Galilea, LLC v. Agcs Marine Ins. Co.

Decision Date04 April 2016
Docket NumberCV 15-84-BLG-SPW
PartiesGALILEA, LLC, Plaintiff, v. AGCS MARINE INSURANCE COMPANY, LIBERTY MUTUAL INSURANCE COMPANY, and TORUS INSURANCE COMPANY, Defendants.
CourtU.S. District Court — District of Montana
OPINION and ORDER

This is a continuation of the Court's Opinion and Order issued February 24, 2016. At the Court's request, Plaintiff Galilea, LLC, and Defendants AGCS Marine Insurance Company, Liberty Mutual Insurance Company, and Torus Insurance Company (collectively "Insurers") supplied supplemental briefing. For the reasons discussed below, the Court only refers Counts I and II to arbitration and certifies its decisions for interlocutory review under 28 U.S.C. § 1292(b).

I. Background

For the complete background, please see the Court's prior Opinion and Order (Doc. 37). The Court will only restate facts here to put this Order in context. Chris and Taunia Kittler formed Galilea, LLC for the sole purpose of owning their sailing yacht Galilea. The Kittlers are not attorneys or otherwise sophisticated purchasers of insurance. The Insurers issued Galilea, LLC an insurance policy that contained the following arbitration and choice-of-law provision:

A11: JURISDICTION AND CHOICE OF LAW
This insurance policy shall be governed by and construed in accordance with well established and entrenched principles and precedents of substantive United States Federal Maritime Law, but where no such established and entrenched principles and precedents exist, the policy shall be governed and construed in accordance with the substantive laws of the State of New York, without giving effect to its conflict of law principles, and the parties hereto agree that any and all disputes arising under this policy shall be resolved exclusively by binding arbitration to take place within New York County, in the State of New York, and to be conducted pursuant to the Rules of the American Arbitration Association.

(Doc. 7-6 at 14.)

After the Insurers denied its claim, Galilea, LLC filed this action. In its Complaint, Galilea, LLC asserts the following causes of action against the Insurers:

Count I - Declaratory Relief
Count II - Breach of Contract
Count III - Contract Reformation
Count IV - Promissory Estoppel
Count V - Equitable Estoppel
Count VI - Breach of Implied Covenant of Good Faith & Fair Dealing
Count VII - Breach of Fiduciary Duty
Count VIII - Violation of the Montana Unfair Trade Practices Act
Count IX - Negligent Misrepresentation
Count X - Constructive Fraud
Count XI - Tortious Interference with Contract
Count XII - Tortious Interference with Prospective Economic Advantage

(Doc. 1.) The Court applied federal maritime law and determined that the policy's arbitration clause is enforceable. (Doc. 37 at 14.) The Court requested supplemental briefing on the arbitration clause's scope, and if some claims fall outside of the scope, whether litigation should be stayed pending the arbitration. (Id. at 14-15.)
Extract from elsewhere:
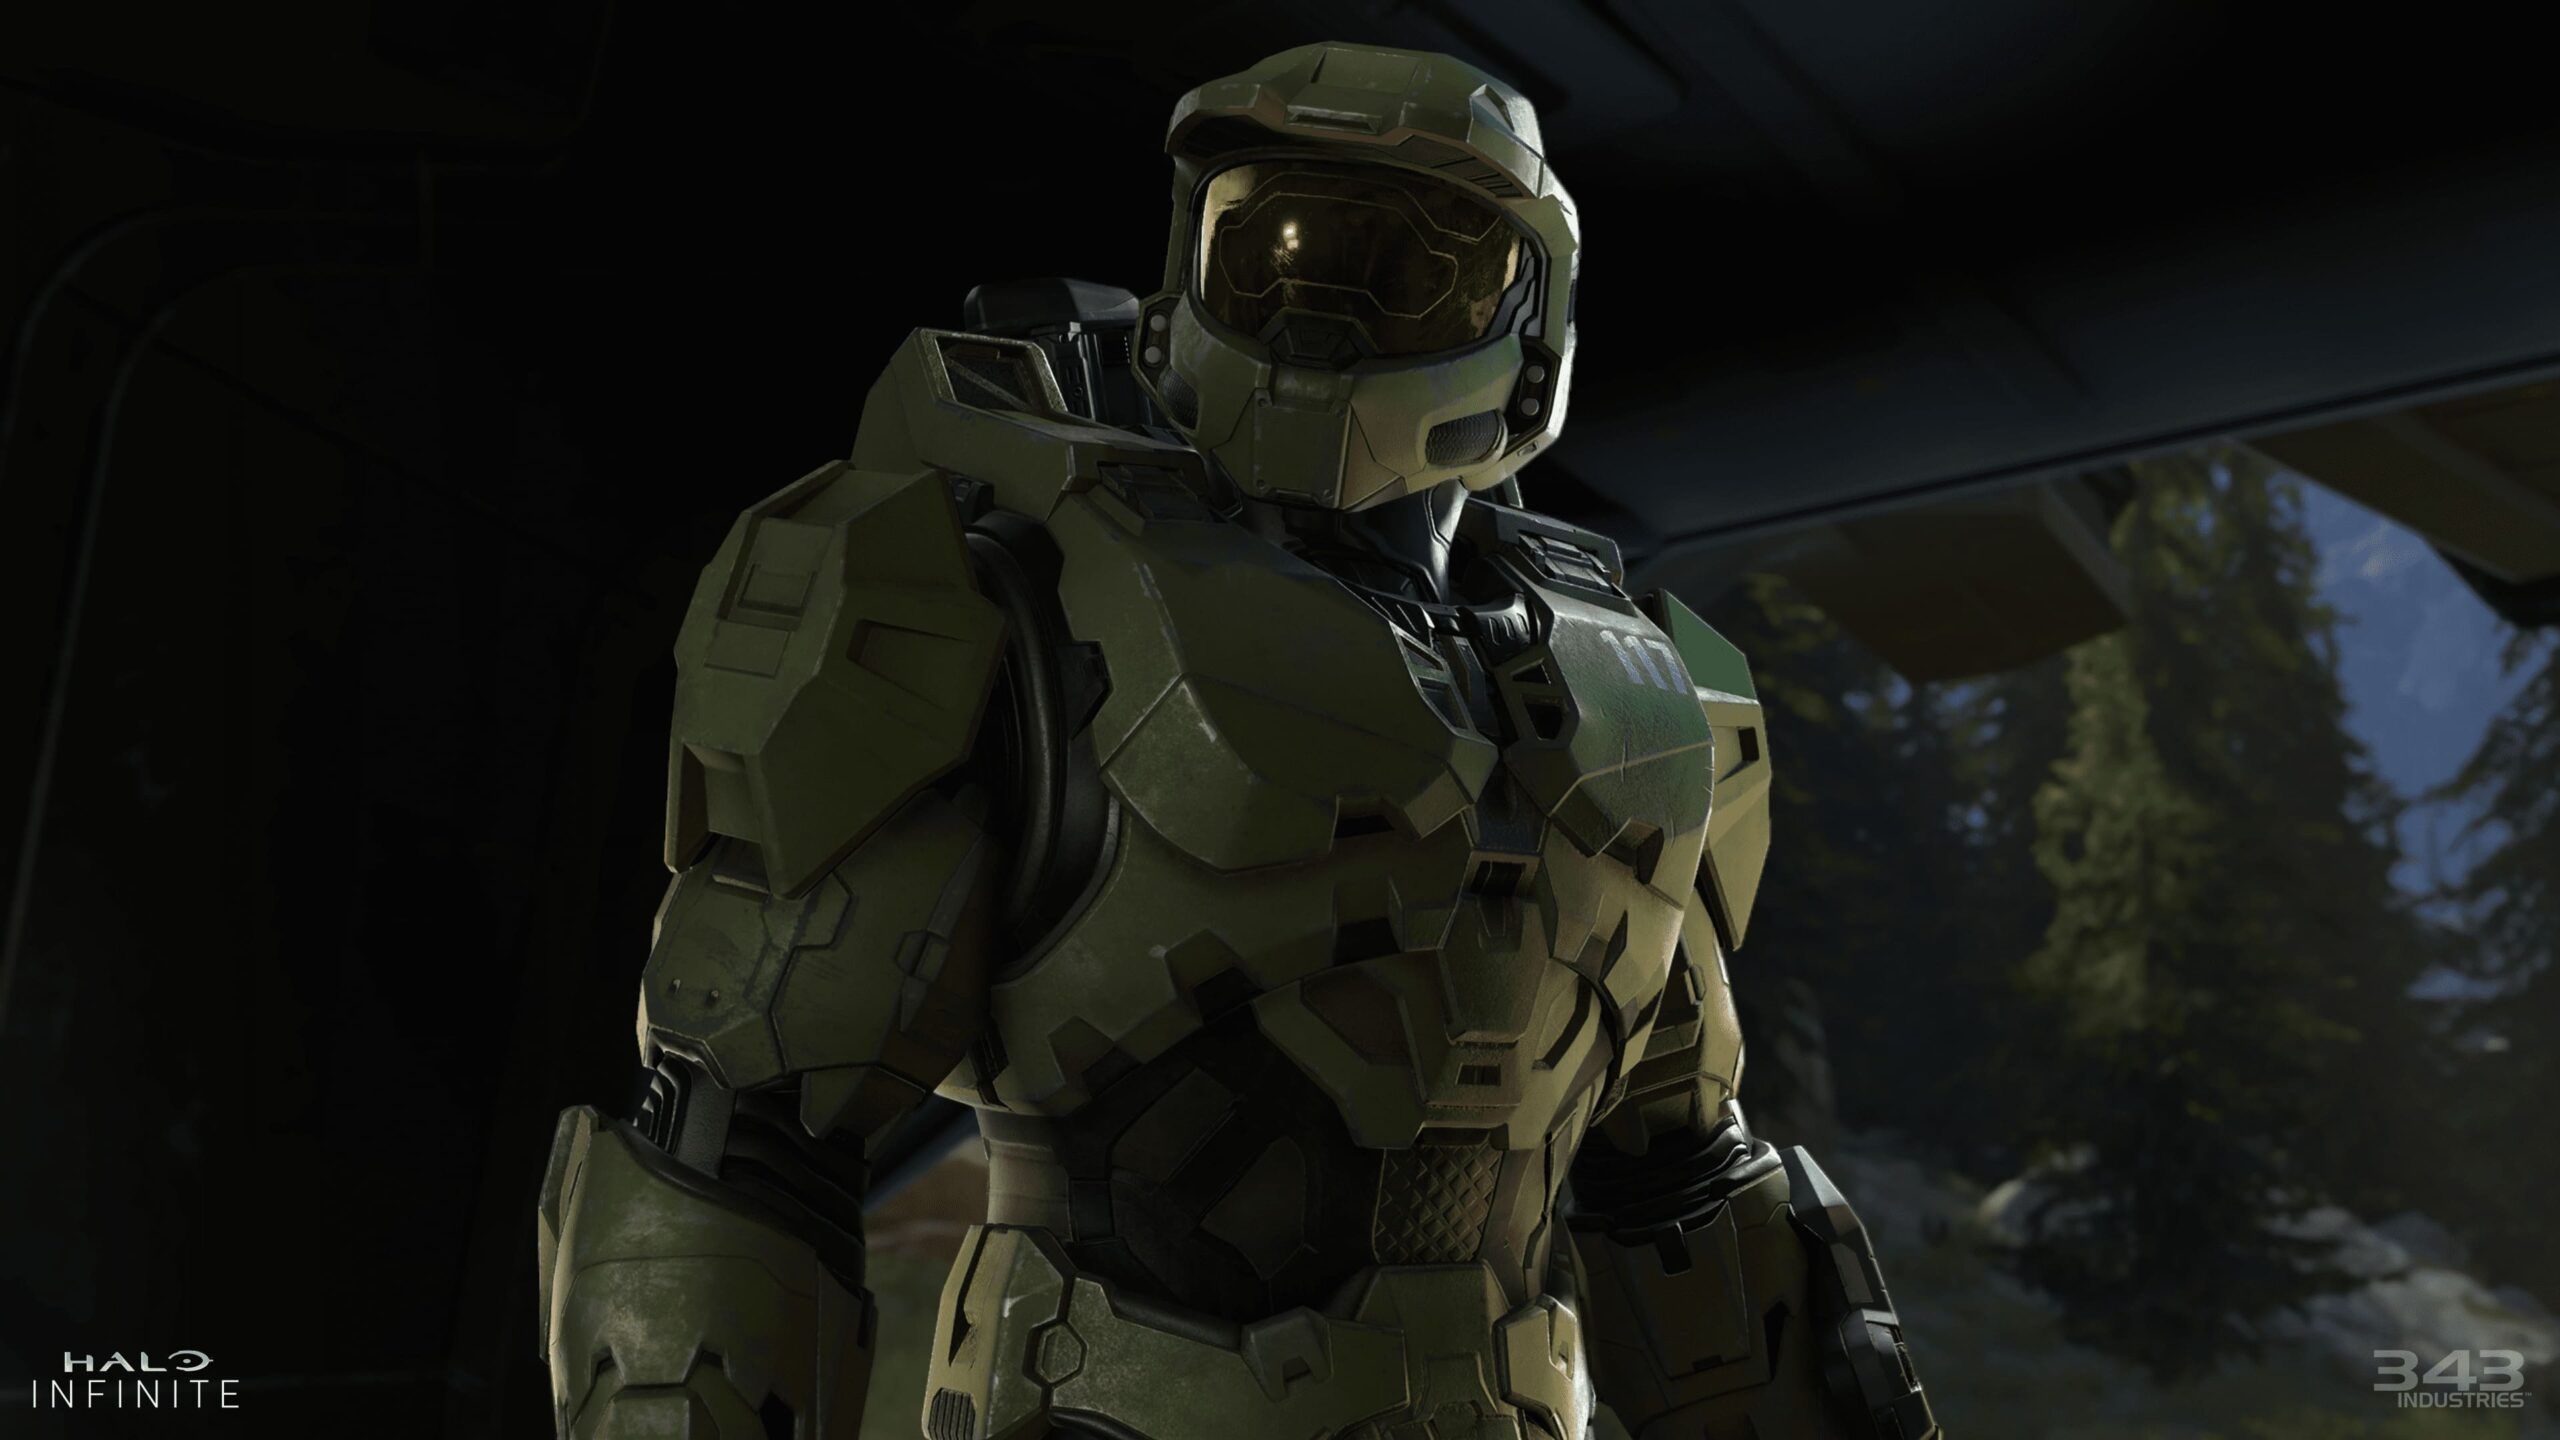 Xbox Halo Infinite Xbox Series X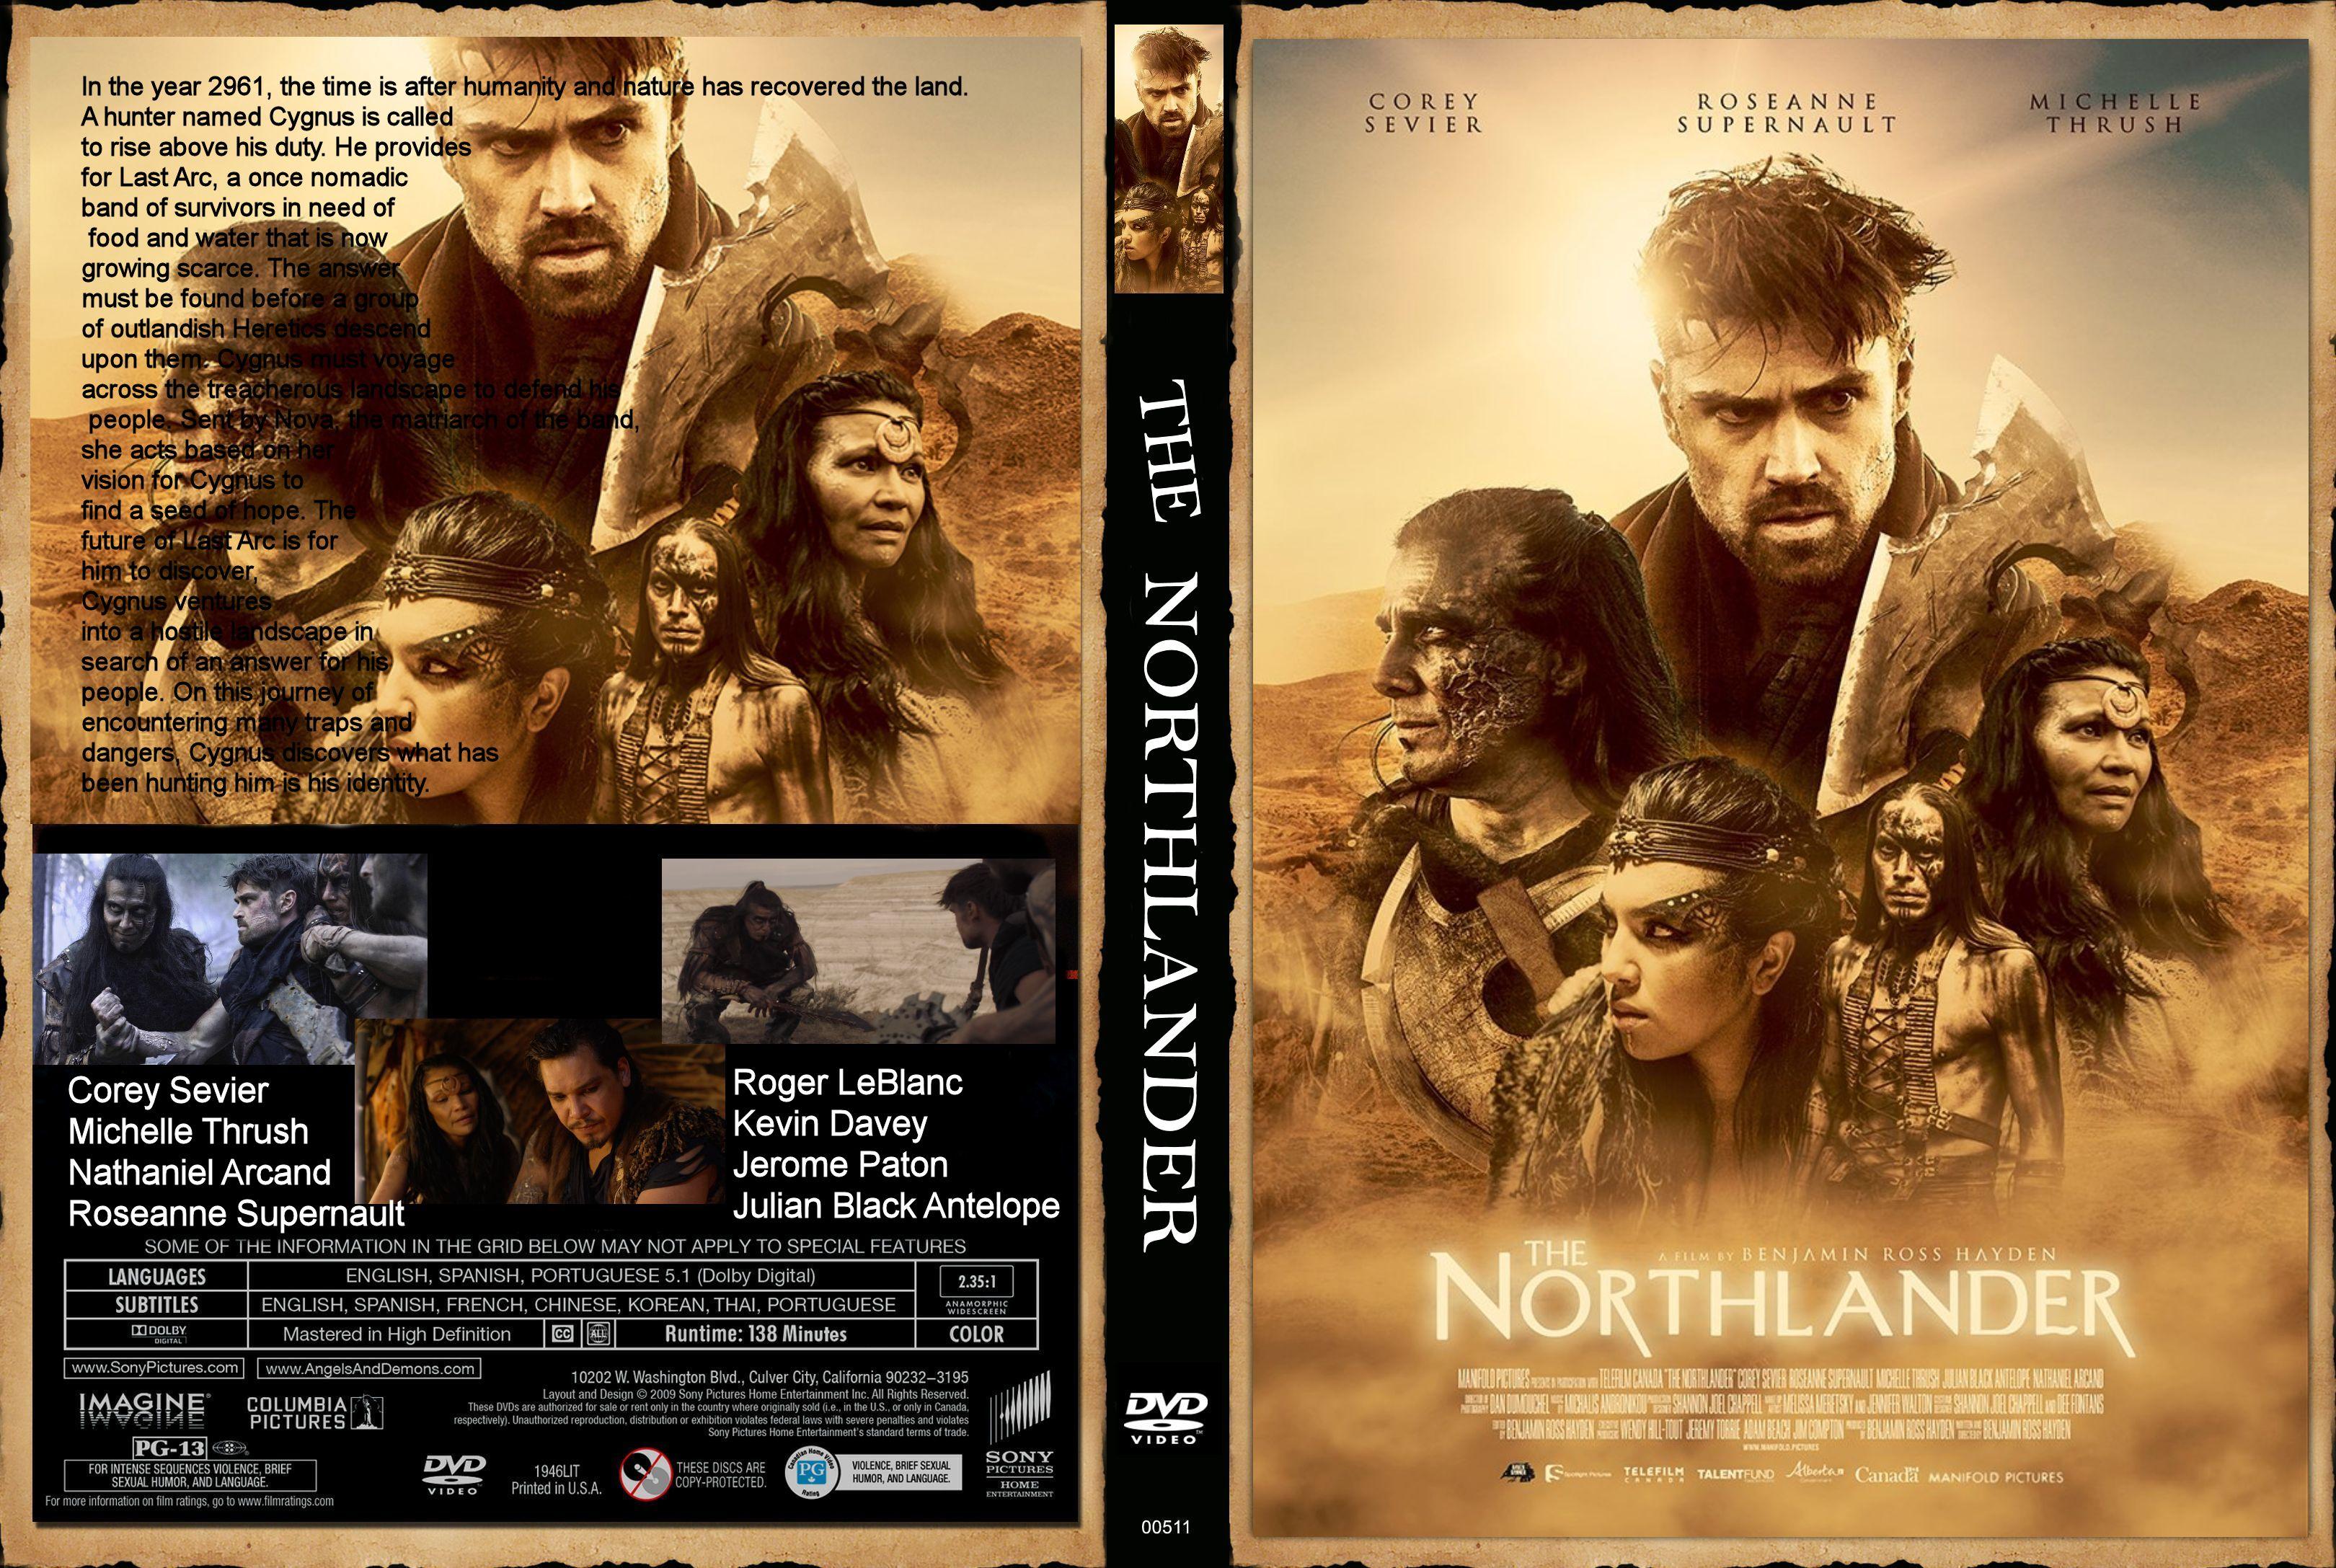 the northlander full movie

II. Who Decides Arbitrability

The Insurers argue that this Court should not consider the scope of the arbitration clause. Instead, the Insurers contend that the arbitrators should decide the issue. The Insurers point to the arbitration clause's statement that "any and all disputes arising under this policy shall be resolved exclusively by binding arbitration...to be conducted pursuant to the Rules of the American Arbitration Association." (Doc. 7-6 at 14.) Since the clause incorporates the Rules of the American Arbitration Association ("AAA"), the Insurers posit this Court should apply Rule R-7 of the AAA Commercial Arbitration Rules,1 which provides:

(a) The arbitrator shall have the power to rule on his or her own jurisdiction, including any objection with respect to the existence, scope, or validity of the arbitration agreement or to the arbitrability of any claim or counterclaim.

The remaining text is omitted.